Analysts estimate that, since 11 September, current market values of new and used aircraft have fallen an average of 15%. Banks are highly sensitive about taking on asset risk in the current market climate and are maintaining a watchful eye on aircraft values, keeping in mind how a drop in values will affect the aircraft already in their portfolios. Rating agencies are also monitoring falling values, as they affect the status of Enhanced Equipment Trust Certificates (EETCs), which are secured against a portfolio of aircraft.
Richard Bittenbender, senior credit officer for airlines and EETC analyst at Moody's Investors Service, warns: "The availability of a large number of used aircraft for sale or lease at very reasonable values will certainly hold down the value of other used aircraft, and, to a certain extent, new aircraft. Also, substantial capacity at major manufacturers, will lead to a constraint [or] discounts on orders."
Moody's has put many EETCs on credit watch, with concerns over the underlying collateral value of the aircraft and falling values on some of the aircraft in the portfolios. The agency says it has downgraded EETC's based on carriers' corporate credit rating, so that if ratings was go down, so does the EETC.
Bittenbender points out: "Today there is no market for aircraft. There are essentially lots of offers and no bids, to put it in financial terms."
Aircraft appraisers have witnessed a dramatic recent drop in aircraft values for both used and new aircraft. Older widebodies, such as the Boeing 747, had already seen a drop in value over the past few years, with airlines moving to smaller capacity aircraft such as Boeing 777s, and Airbus A330s and A340s.
But Eddy Pieniazek, director consultancy services at Airclaims, points out that these trends already existed prior to 11 September. Particularly for Boeing 737s, there are next generation replacements available at reduced prices that make it more attractive to buy the newer model.
He says some of the aircraft that were expected to be retired in the near future, such as the Boeing 737-200s, 727s and McDonnell Douglas DC-9s, have seen an acceleration in their retirement schedules.
Additionally, operating lessors are being flexible on lease rates, on the basis that it is better to have the aircraft flying than to take them back early.

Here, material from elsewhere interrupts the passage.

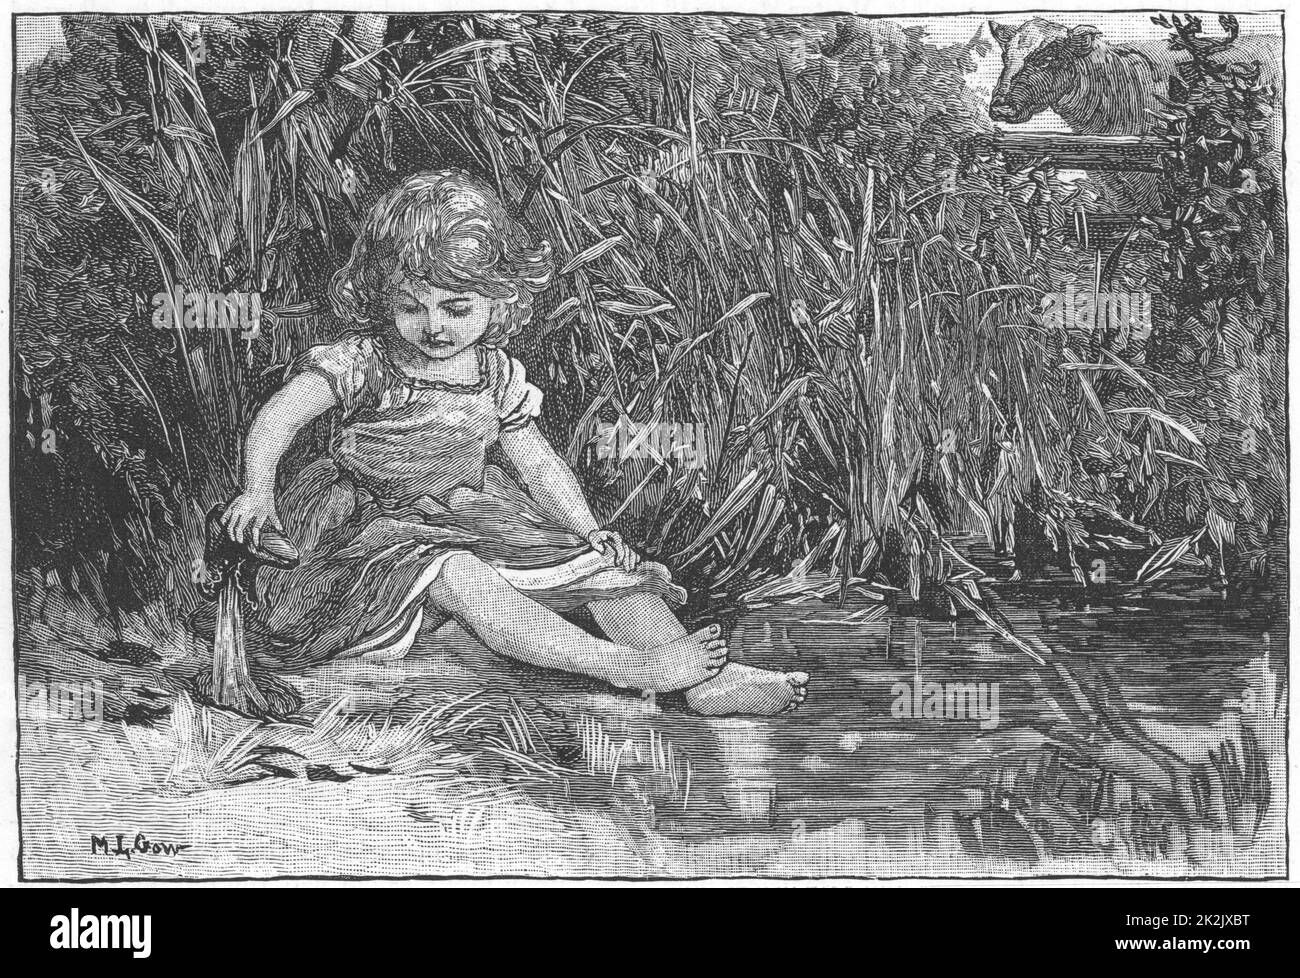 'Silas Marner' di George Eliot, 1861. Eppie, all'età di tre anni, è scivolato fuori dalla casa mentre Silas Marner era occupato, e si diverte presso lo stagno. Illustrazione di Mary L.Gow (1851-1929) pubblicata nel 1882. Foto Stock
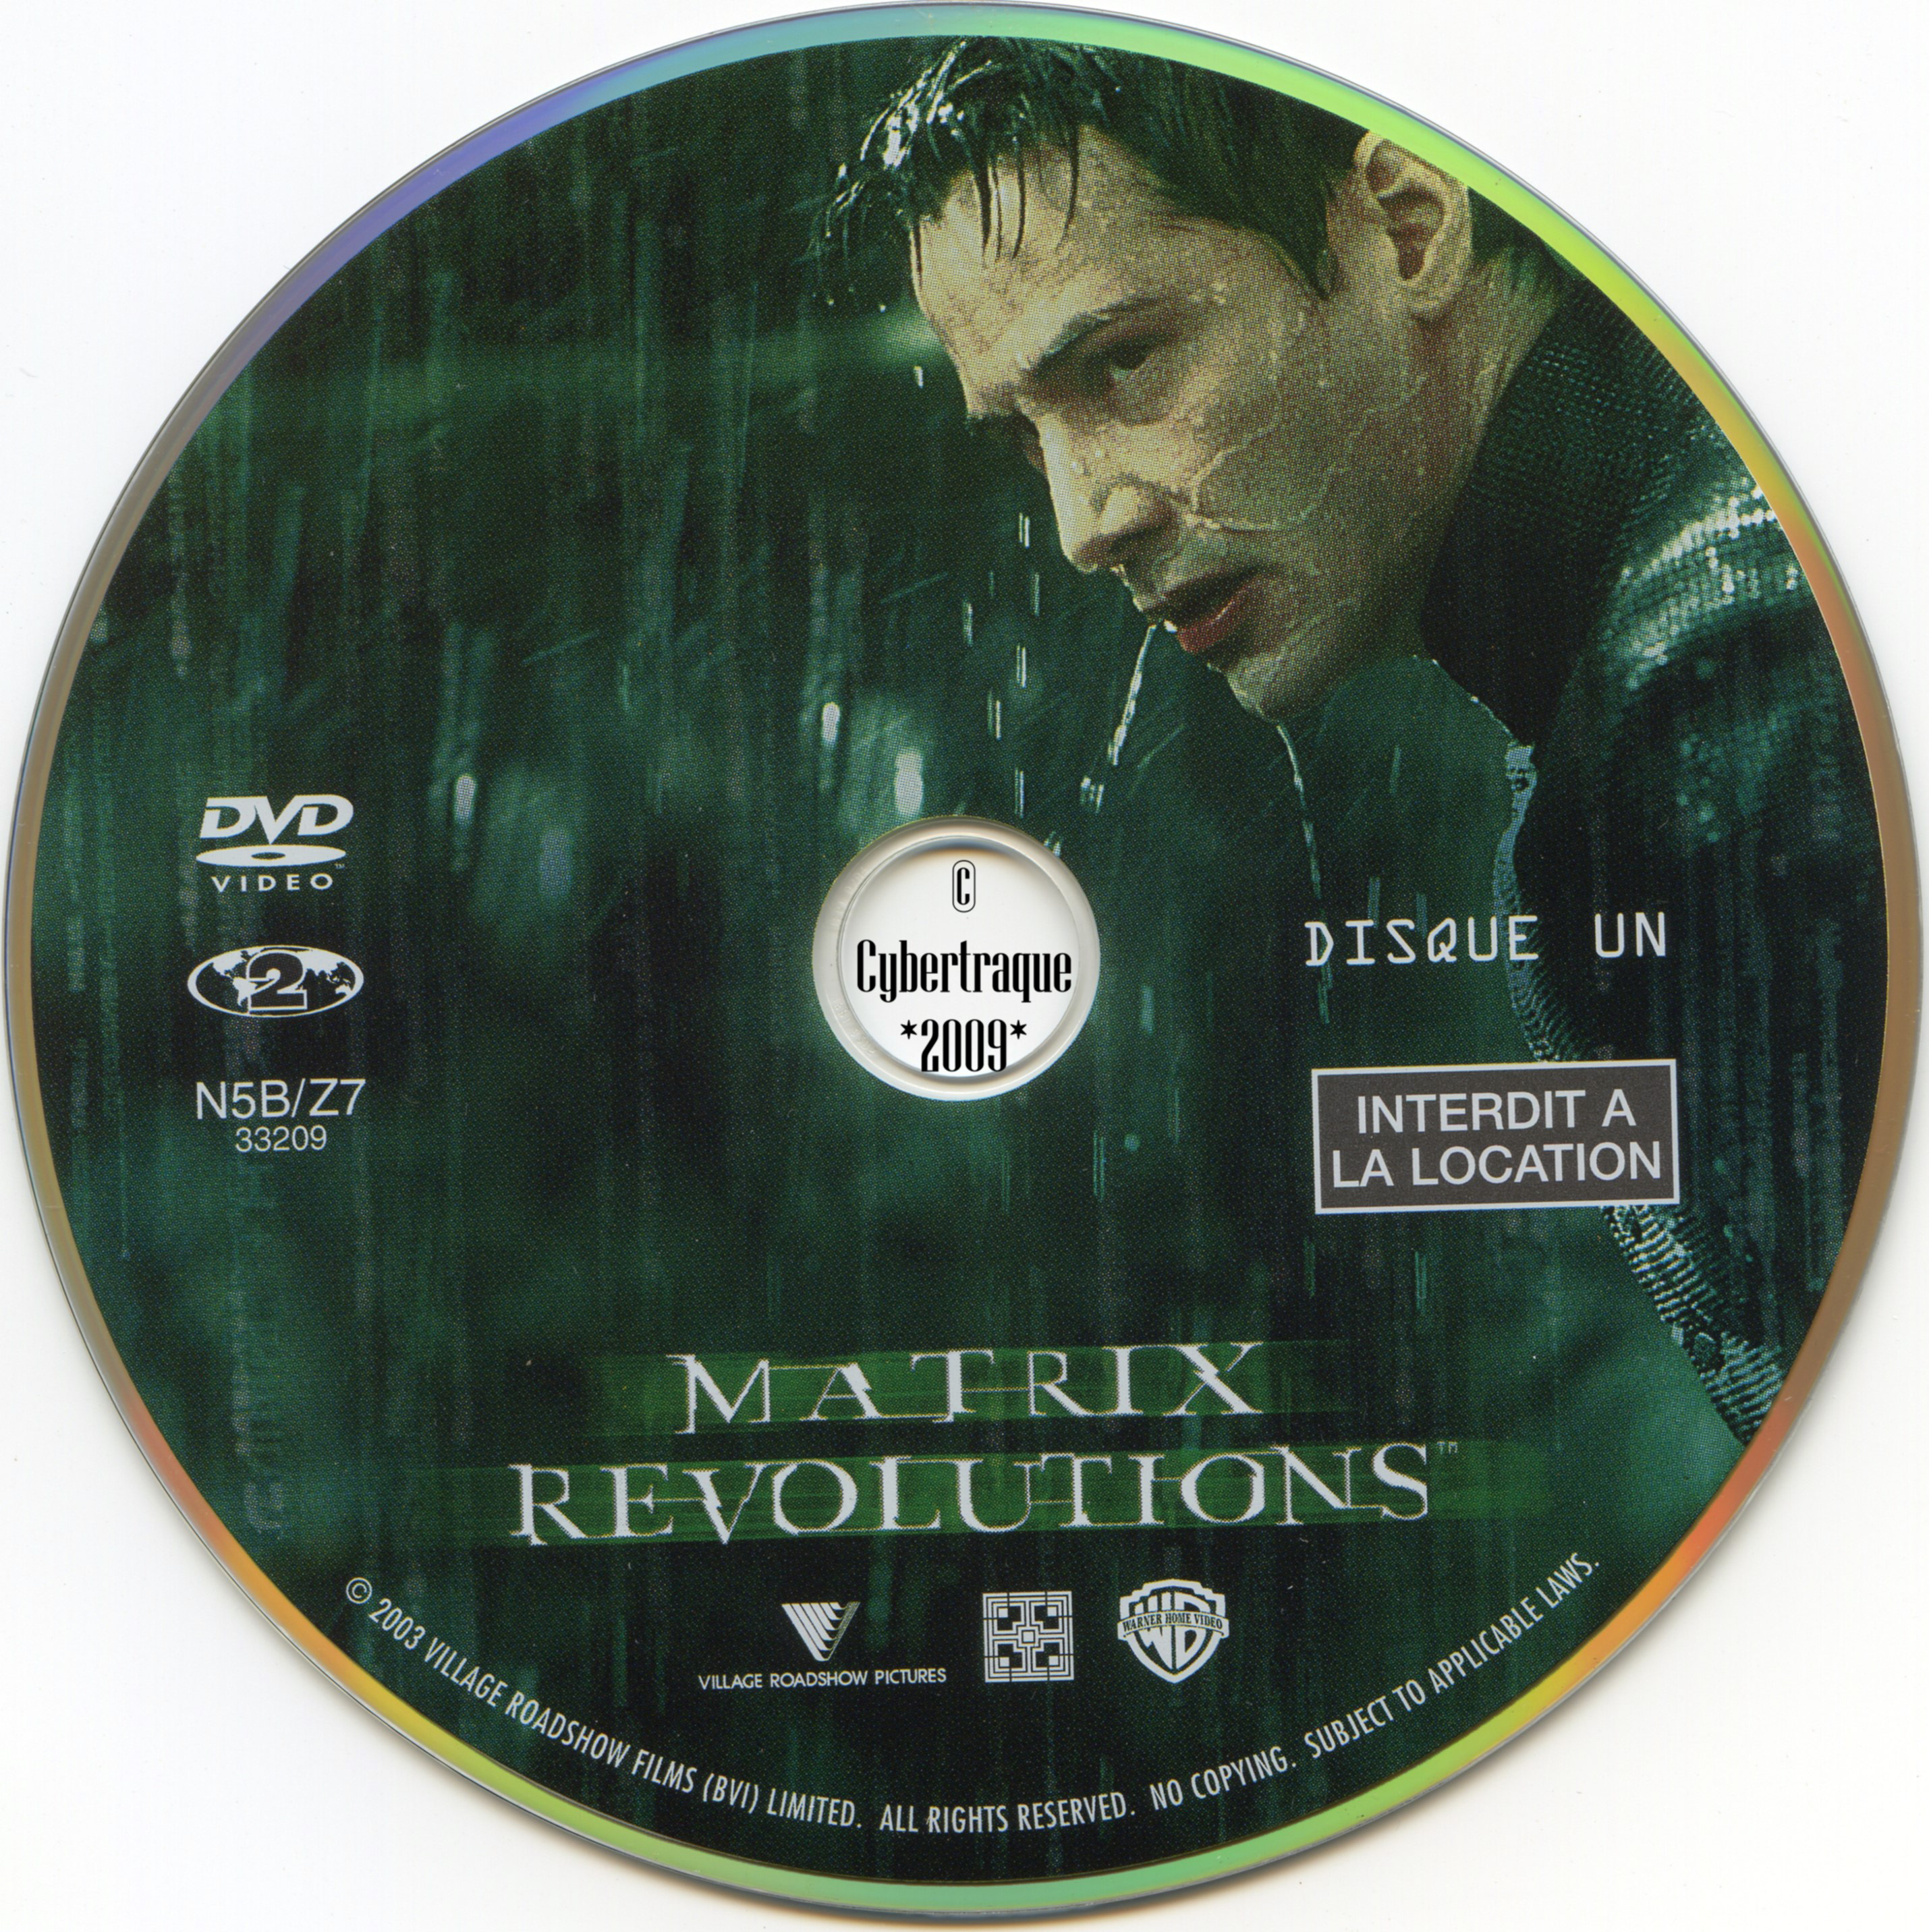 Matrix revolutions DISC 1

This in turn has affected values.
Clifford Brown of European aircraft appraiser MBA says the excess of available aircraft in the markets "is affecting the ability to raise money to buy aircraft or lease aircraft." Lease rates have dropped 30% since 11 September for 737-300s and around the same for the A320-200s, he adds.
Appraisers warn that aircraft values are expected to remain volatile over the next year, with recovery to pre-11 September values expected no earlier than summer 2003 or early 2004.